▶ _Given information_
-*-
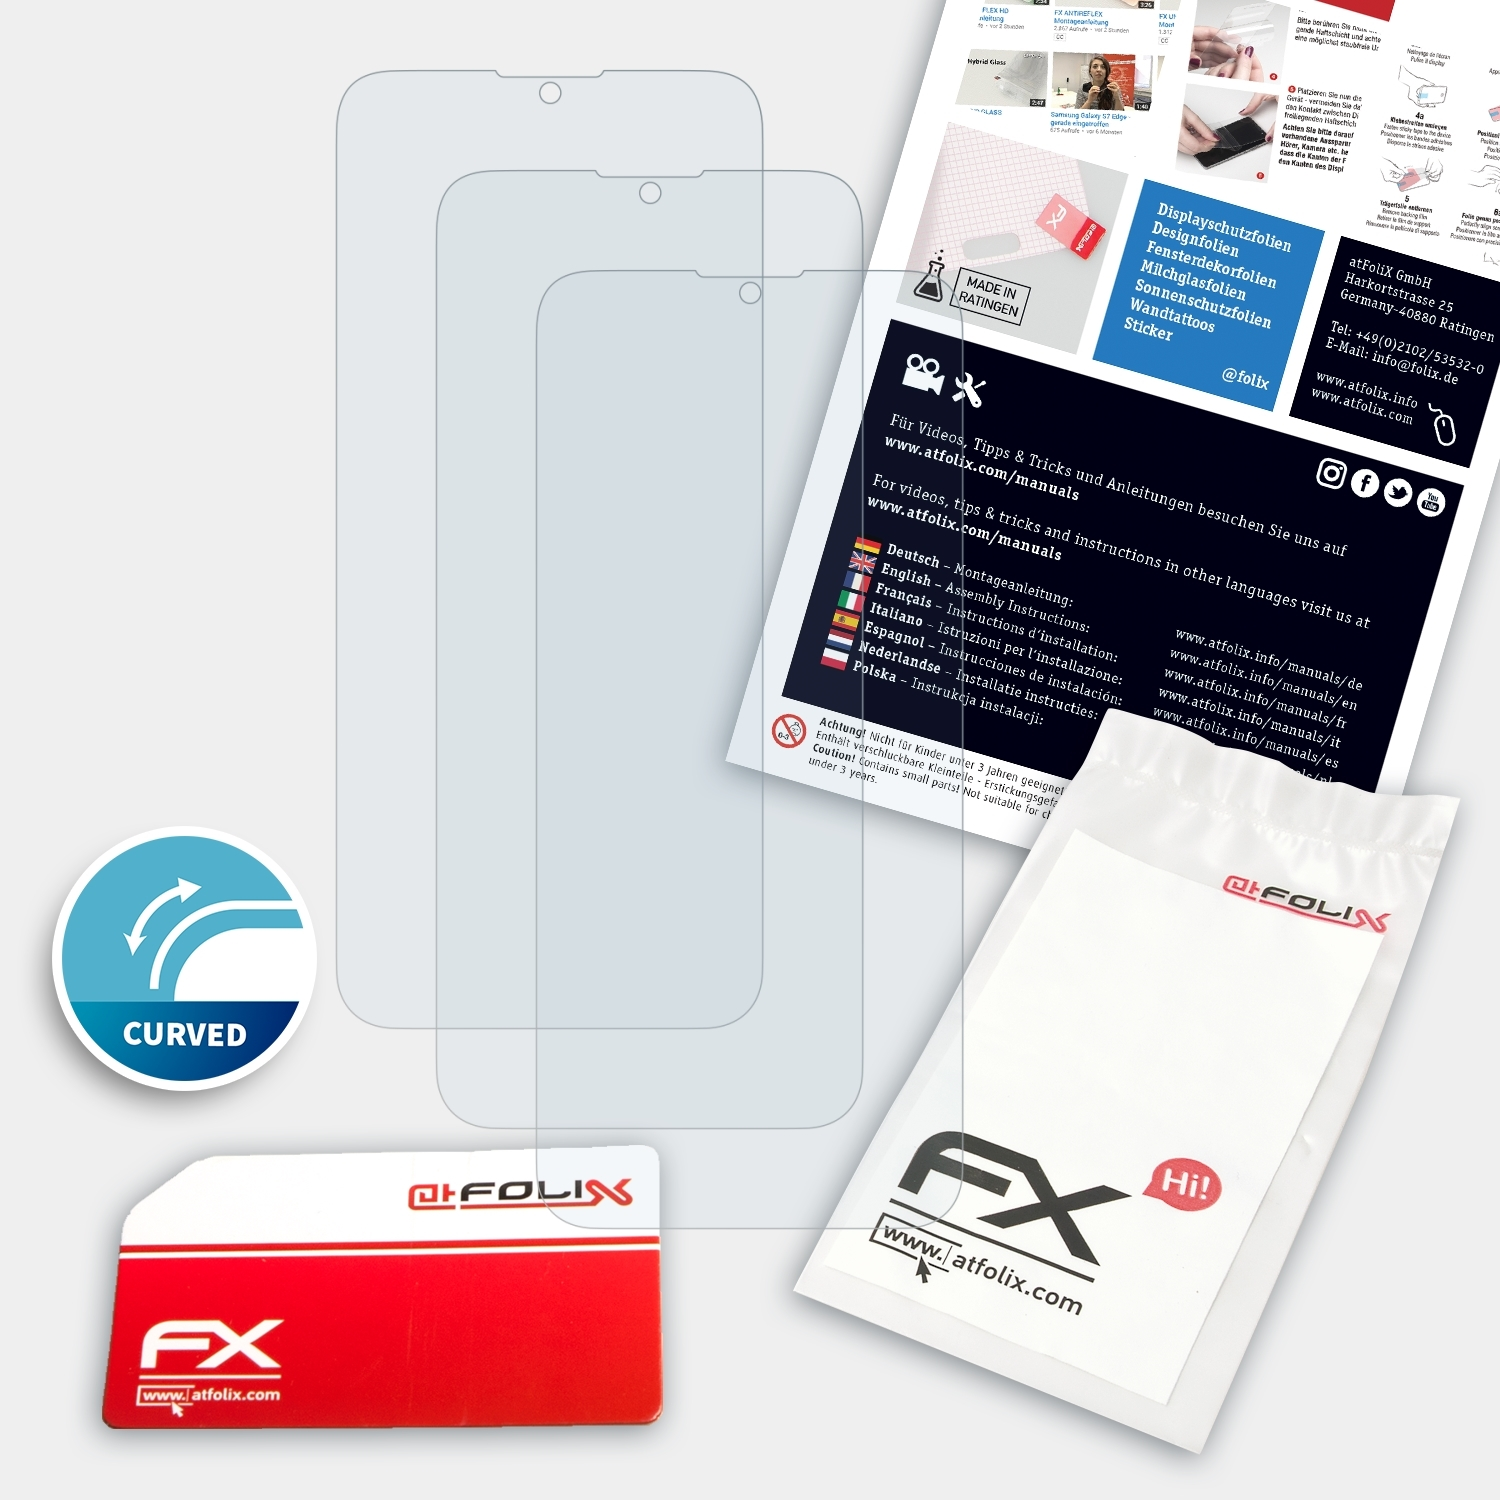 ATFOLIX 3x FX-ActiFleX Displayschutz(für Motorola E7) Moto
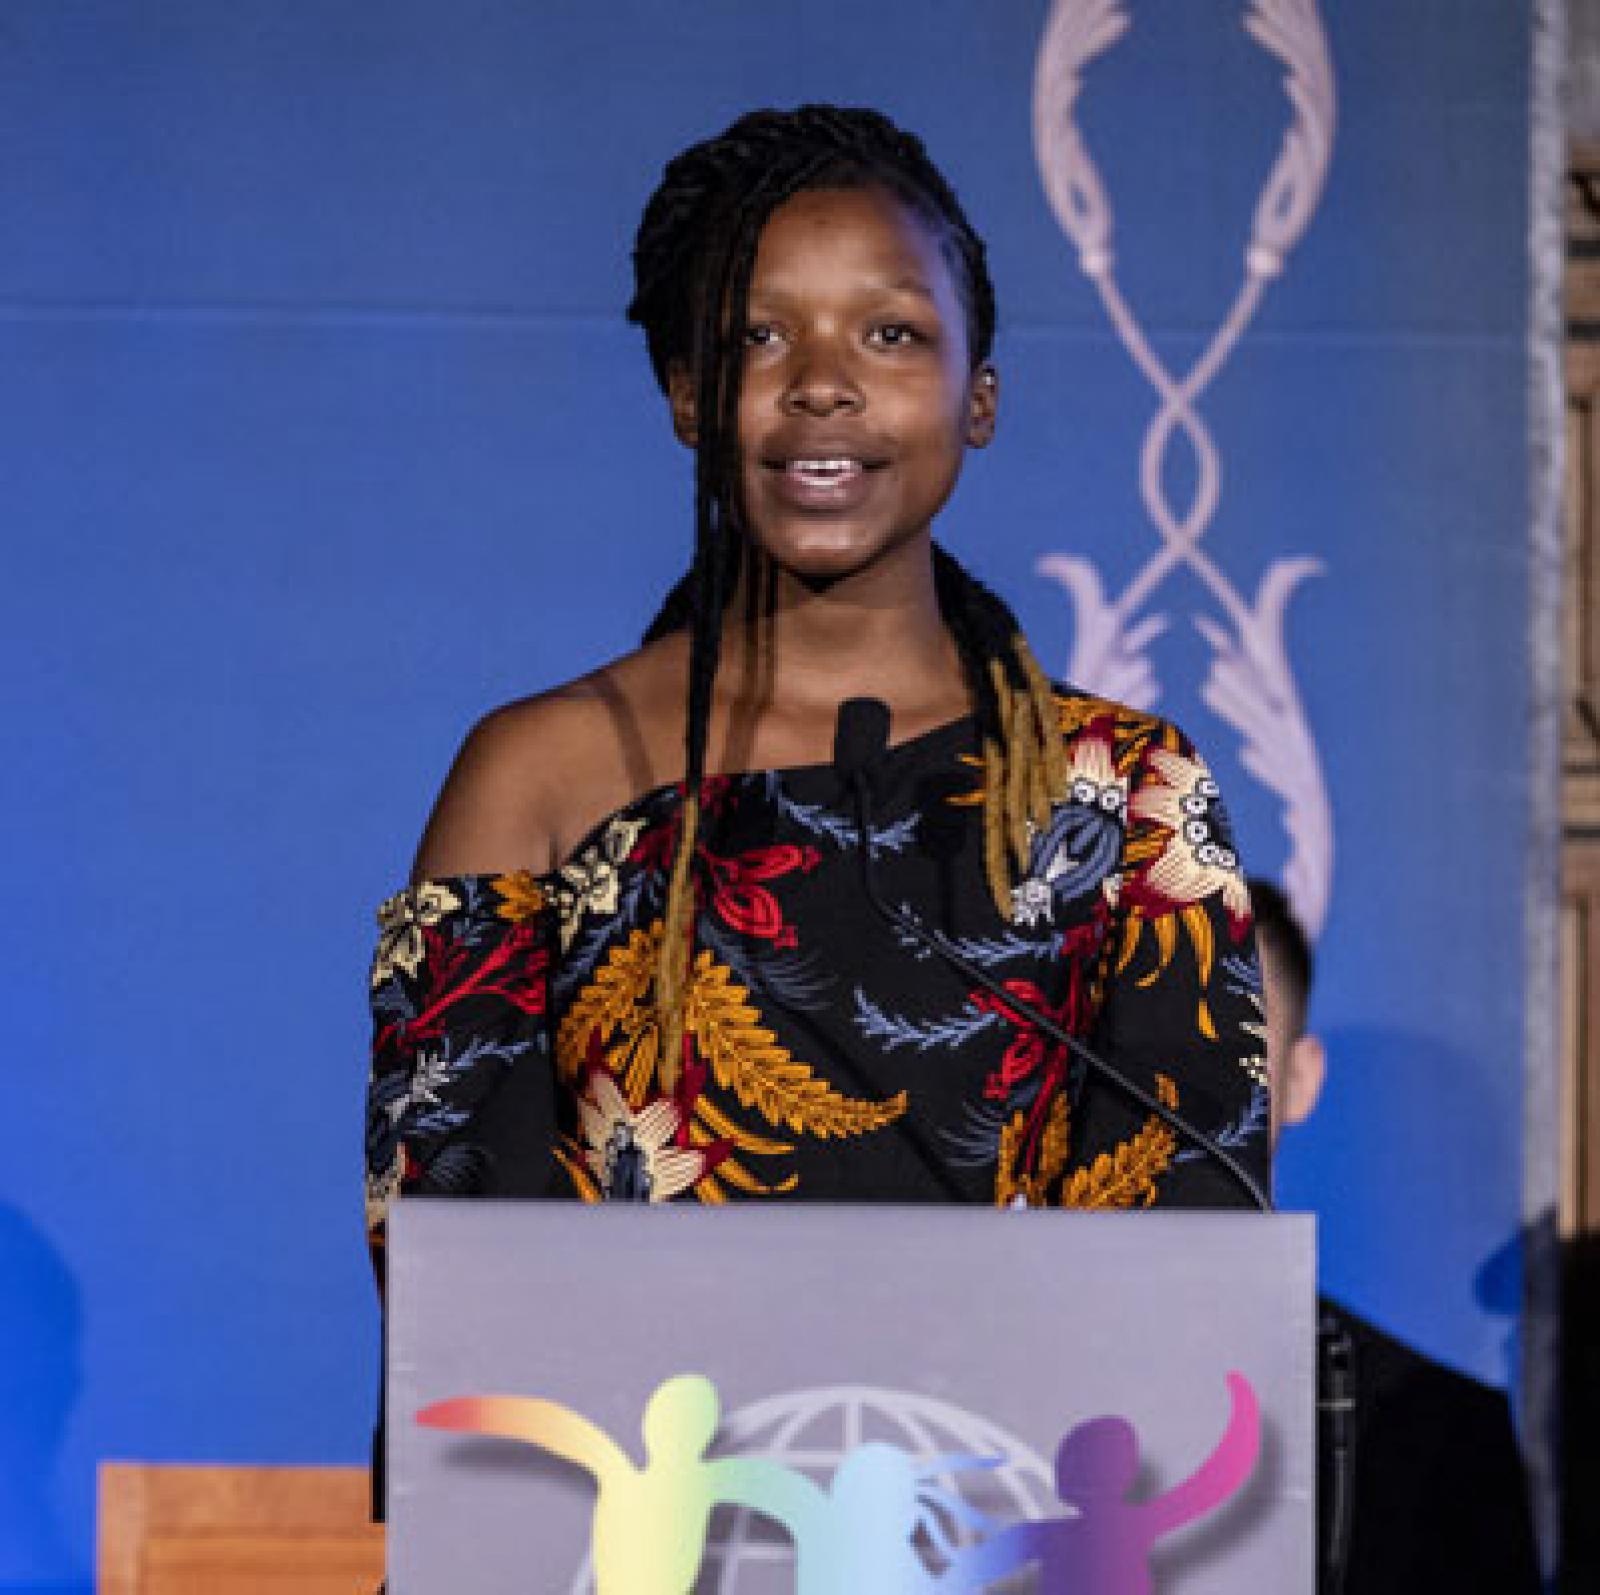 African girl speaks at podium. 
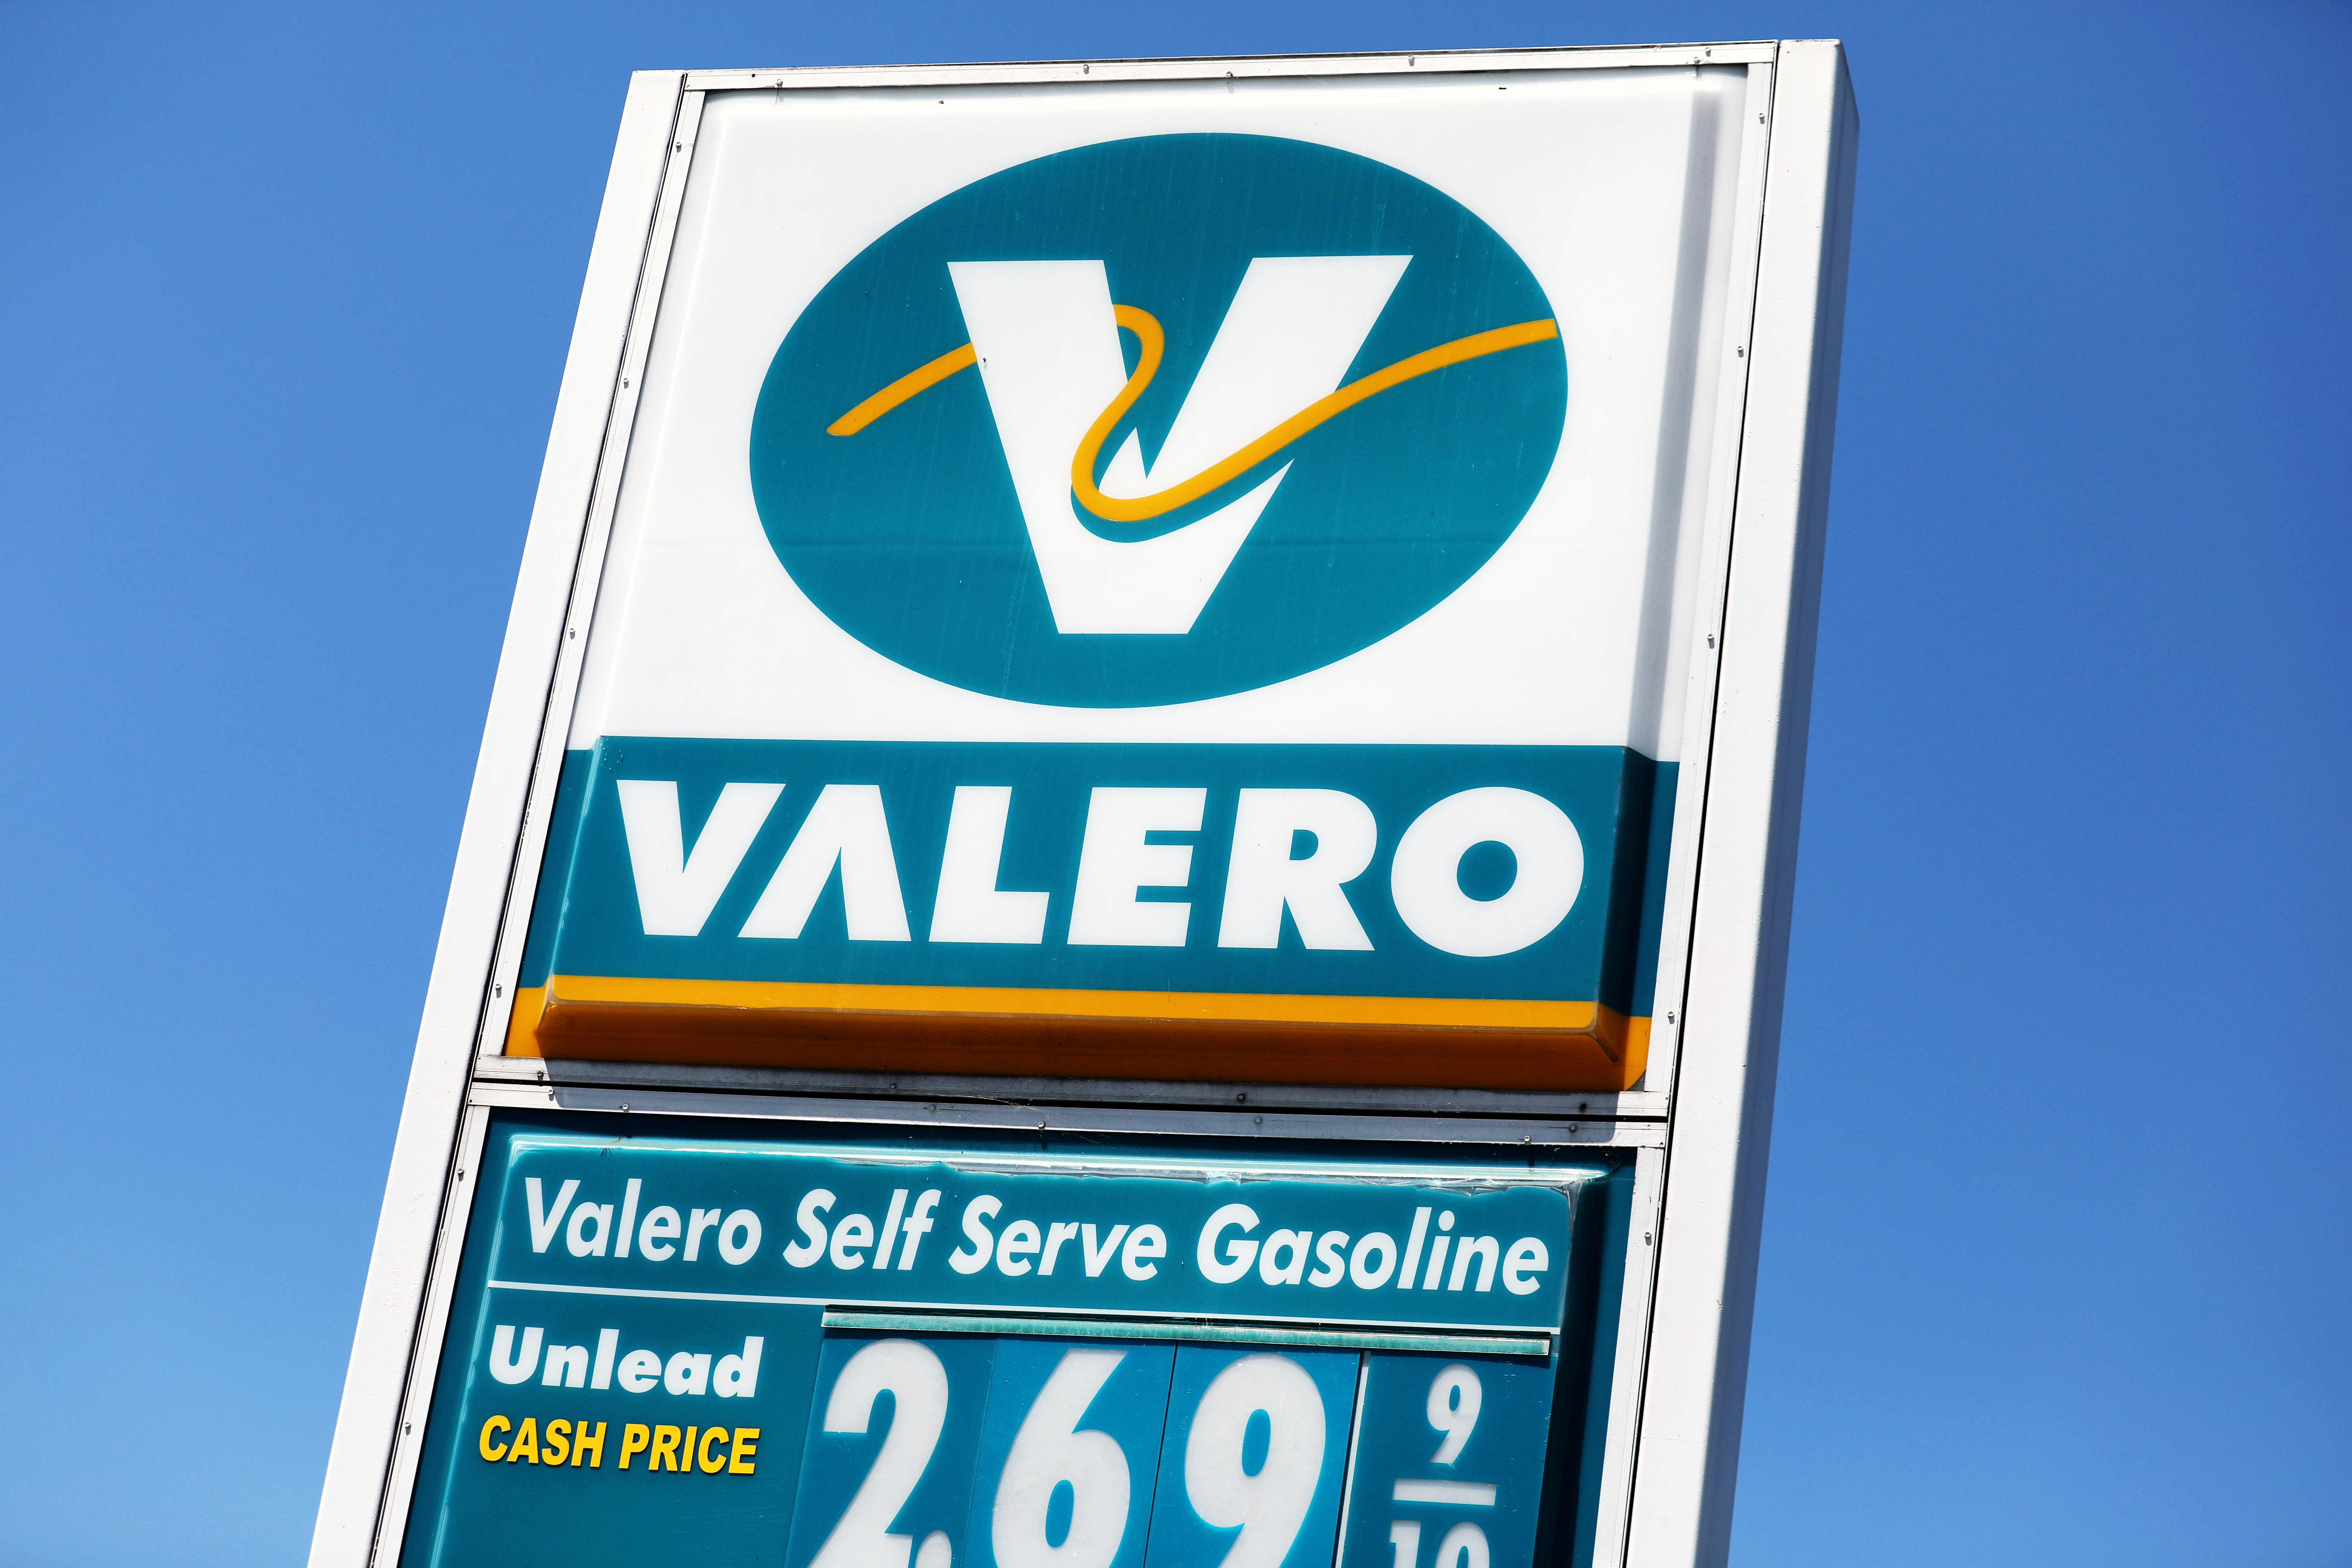 Valero Gas Station in California
-*-
Output the data exactly as it appears. The pictures do not belong in it.

▶ _Exercise solution_
 ATFOLIX 3x FX-ActiFleX Displayschutz(für Motorola E7) Moto
 African girl speaks at podium. 
 Valero Gas Station in California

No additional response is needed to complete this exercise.